Willard Thorp Professor of Sociology and American Studies

Shamus Rahman Khan is the Willard Thorp Professor of Sociology and American Studies at Princeton University, where his work examines culture, inequality, gender, and elites. One of the world’s leading sociologists of institutions, Khan has transformed how scholars, educators, and the public understand the ways schools, universities, and other organizations reproduce inequality — and how they might be remade.

He is the author of more than 130 articles, books, and essays, including Privilege: The Making of an Adolescent Elite at St. Paul’s School, an award-winning ethnography of elite education, and Sexual Citizens: Sex, Power, and Assault on Campus, co-authored with Jennifer S. Hirsch. Named one of NPR’s Best Books of 2020, Sexual Citizens grew out of SHIFT, the Sexual Health Initiative to Foster Transformation, a multi-year study of sexual health and sexual violence at Columbia University. The book has reshaped the national conversation about campus sexual assault by moving beyond narrow debates over individual consent and focusing instead on the institutional, spatial, and social conditions that make sexual violence more likely — and therefore preventable. This work has served as the foundation for institutions around the world transforming their approach to sexual violence.

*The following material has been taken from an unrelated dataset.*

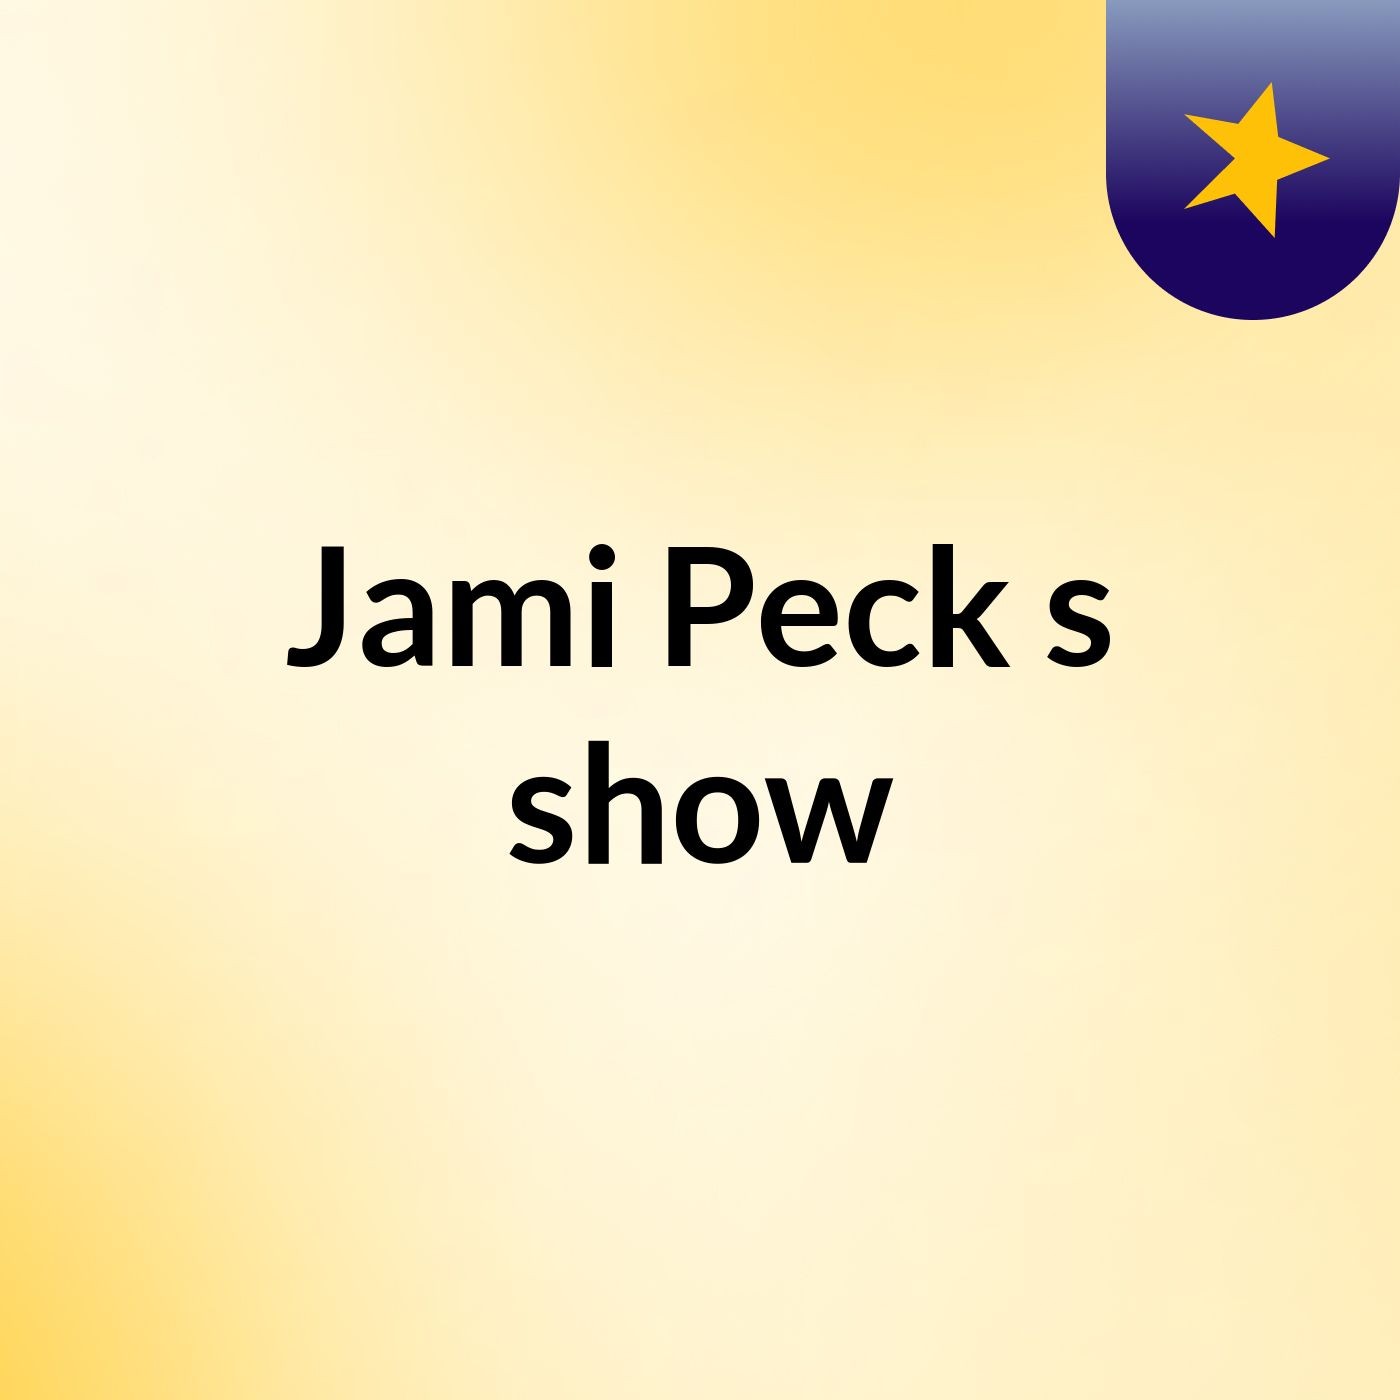 Jami Peck's show

Khan’s scholarship and public writing have appeared widely, including in The New Yorker, The New York Times, The Washington Post, and Time. He has served as editor of Public Culture, directed a Russell Sage Foundation working group on the political influence of economic elites, and received Columbia University’s Presidential Teaching Award as well as the Hans L. Zetterberg Prize for the best sociologist under 40. Across his research, teaching, and public engagement, Khan brings a deep commitment to understanding how institutions shape lives — and how they can be redesigned to foster equality, dignity, and human flourishing.